9 Latino Images and Audiences to 1960
Laura Isabel Serna
Chicano poet Tino Villanueva begins his book length poem, Scene from the Movie Giant like this: “What I have from 1956 is one instant at the Holiday/theater, where a small dimension of a film, as in/a dream, became the feature of the whole.” (1) The “small dimension of a film” he is referring to in this line is a scene at the end of the 1956 film Giant. That film, which starred famous Hollywood stars Elizabeth Taylor, Rock Hudson, and James Dean, is an epic western that tells the story of a wealthy Texas family and the changes they face as cattle ranchers confront the new wealth generated by the discovery of oil. Toward the end of the film the family stops at a diner. There the racist owner insults the family’s Mexican American daughter-in-law and grandson and refuses to serve a Mexican family. This causes a violent confrontation between the family patriarch and the diner’s owner. In the film this sequence represents the beginning of a new chapter for the now racially mixed family, but the scene of anti-Mexican racism stayed in Villanueva’s mind, stirring up feelings of exclusion from on-screen representation.
Villanueva’s poem sums up the predicament that many Latino audience members found themselves in during the first half of the twentieth century. They were hungry for images of themselves on screen but frequently found that those images represented Latinos stereotypically, rarely allowed them to be the main characters, or protagonists, and often framed their very existence as a social problem that needed to be solved. This chapter surveys how representations of Latinos shifted over time between the introduction of cinema in the late 19th century and the 1950s and how Latino viewers responded to those representations.
The first Latinos (as we might use that term today) to appear on screen were two members of the Buffalo Bill Wild West Show, a traveling live show that recreated scenes audiences associated with the western United States. Pedro Esquivel and Dionicio Gonzalez, performed their act, The Mexican Knife Duel (1894), in front of Thomas Edison’s early film camera. This film, which was likely between thirty and sixty seconds long, would likely have confirmed what audiences had already learned about Mexicans through other forms of popular culture such as dime novels, political cartoons, and plays: Mexicans were violent, unsophisticated, and cruel. This early film established the norms that would govern the depiction of Latino characters, with slight variations, through the late 1920s. The majority of the over 100 films that were set in Mexico, or the U.S.-Mexico borderlands made before 1930 portrayed Mexican or other Latino characters in ways that conformed to what scholar Charles Ramirez Berg identifies as six basic stereotypes, “the harlot, the male buffoon, the female clown, the Latin lover, and the dark lady.” (66)

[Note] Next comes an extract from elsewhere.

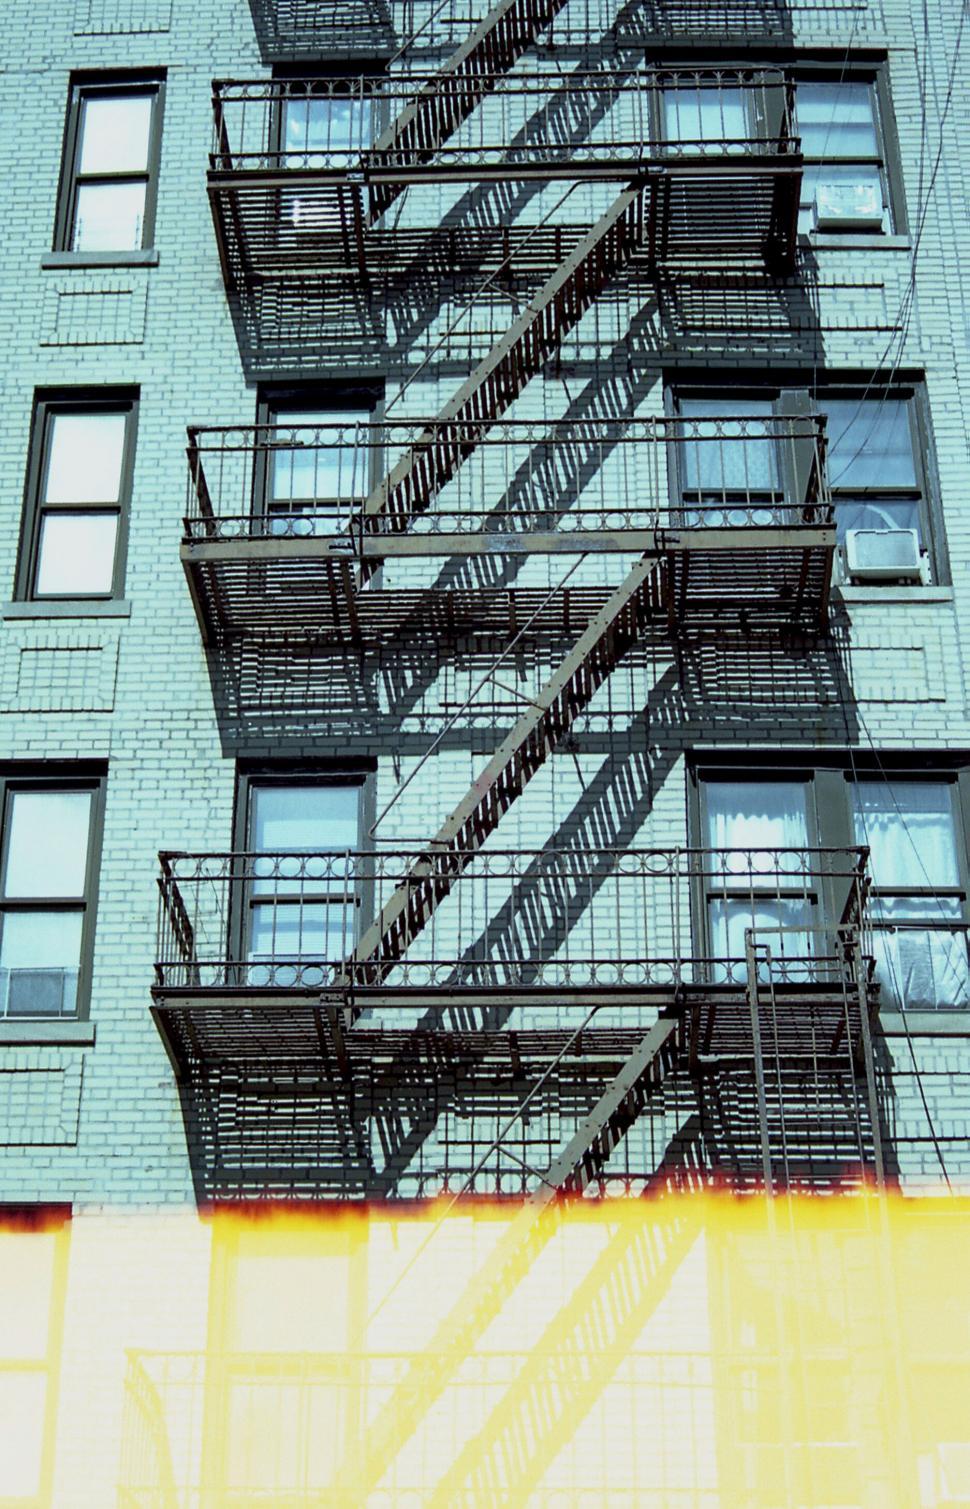 Free Image of Fire escape on a vintage brick building 
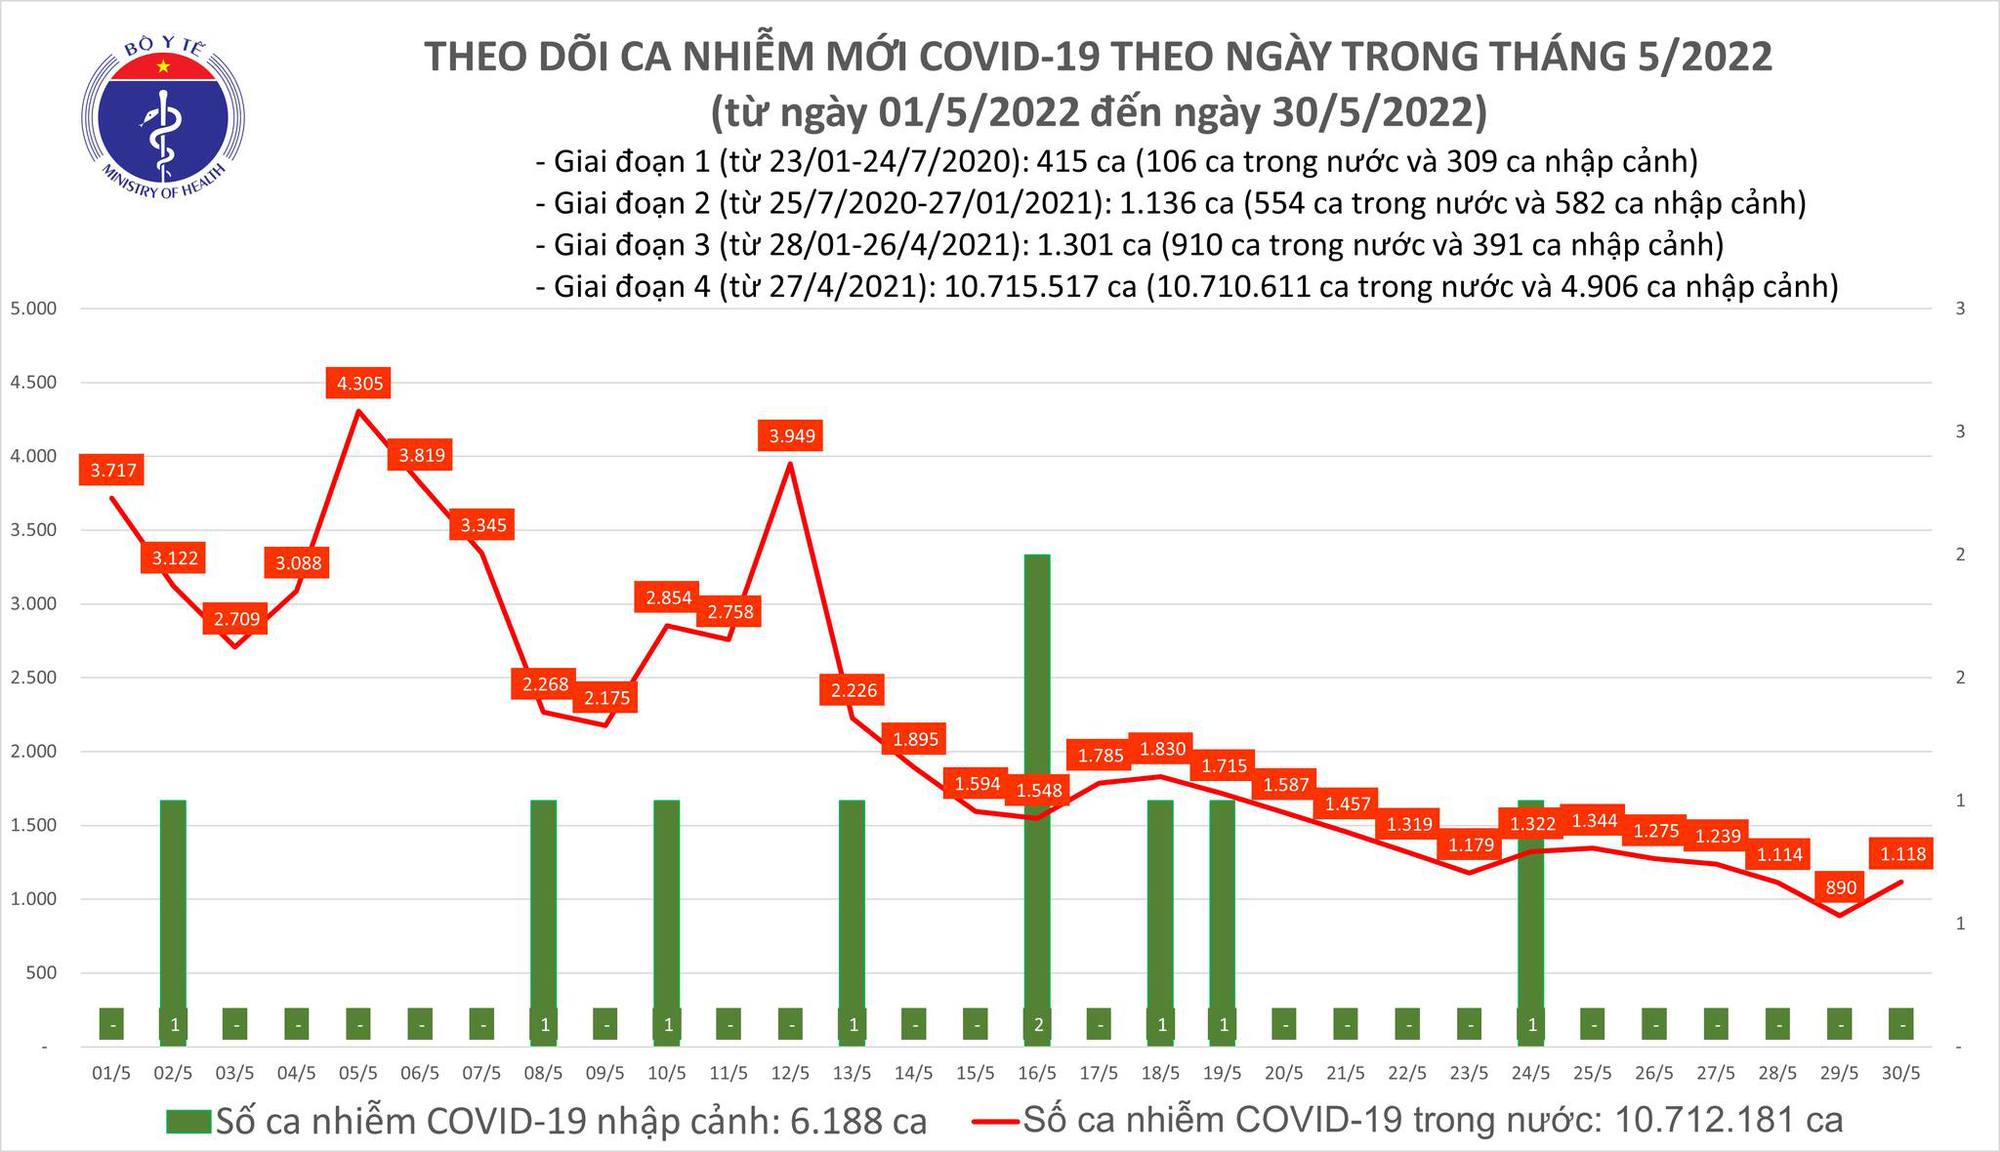 Covid-19 on May 30: 1,100 new Covid-19 cases, no deaths were recorded - Photo 1.

Early silent films, usually about fifteen minutes long (the length of one-reel of film) depicted Mexicans, male or female, as untrustworthy if not criminal. A cycle (group of films made around the same time that share thematic concerns) of “greaser” films made between 1908-1914 exemplify how Mexican characters were portrayed as “a sexual threat to the European American home and public sphere.” (Noriega 5) An instructive example is the single reel film Broncho Billy and the Greaser (dir. Gilbert M. Anderson, 1914), which tells the story of a “half-breed” or mixed-race character, the greaser of the title, who harasses a white woman in the post office where the mail is being delivered by Broncho Billy (the cowboy character developed by Gilbert M. Anderson). After Billy defends the woman, the “Half-breed” plots revenge, a plan that is foiled by the girl who brings help in the nick of time. This short film conforms to a narrative structure that positioned Anglo-Americans as heroic defenders of their communities and families against racially inferior individuals or groups.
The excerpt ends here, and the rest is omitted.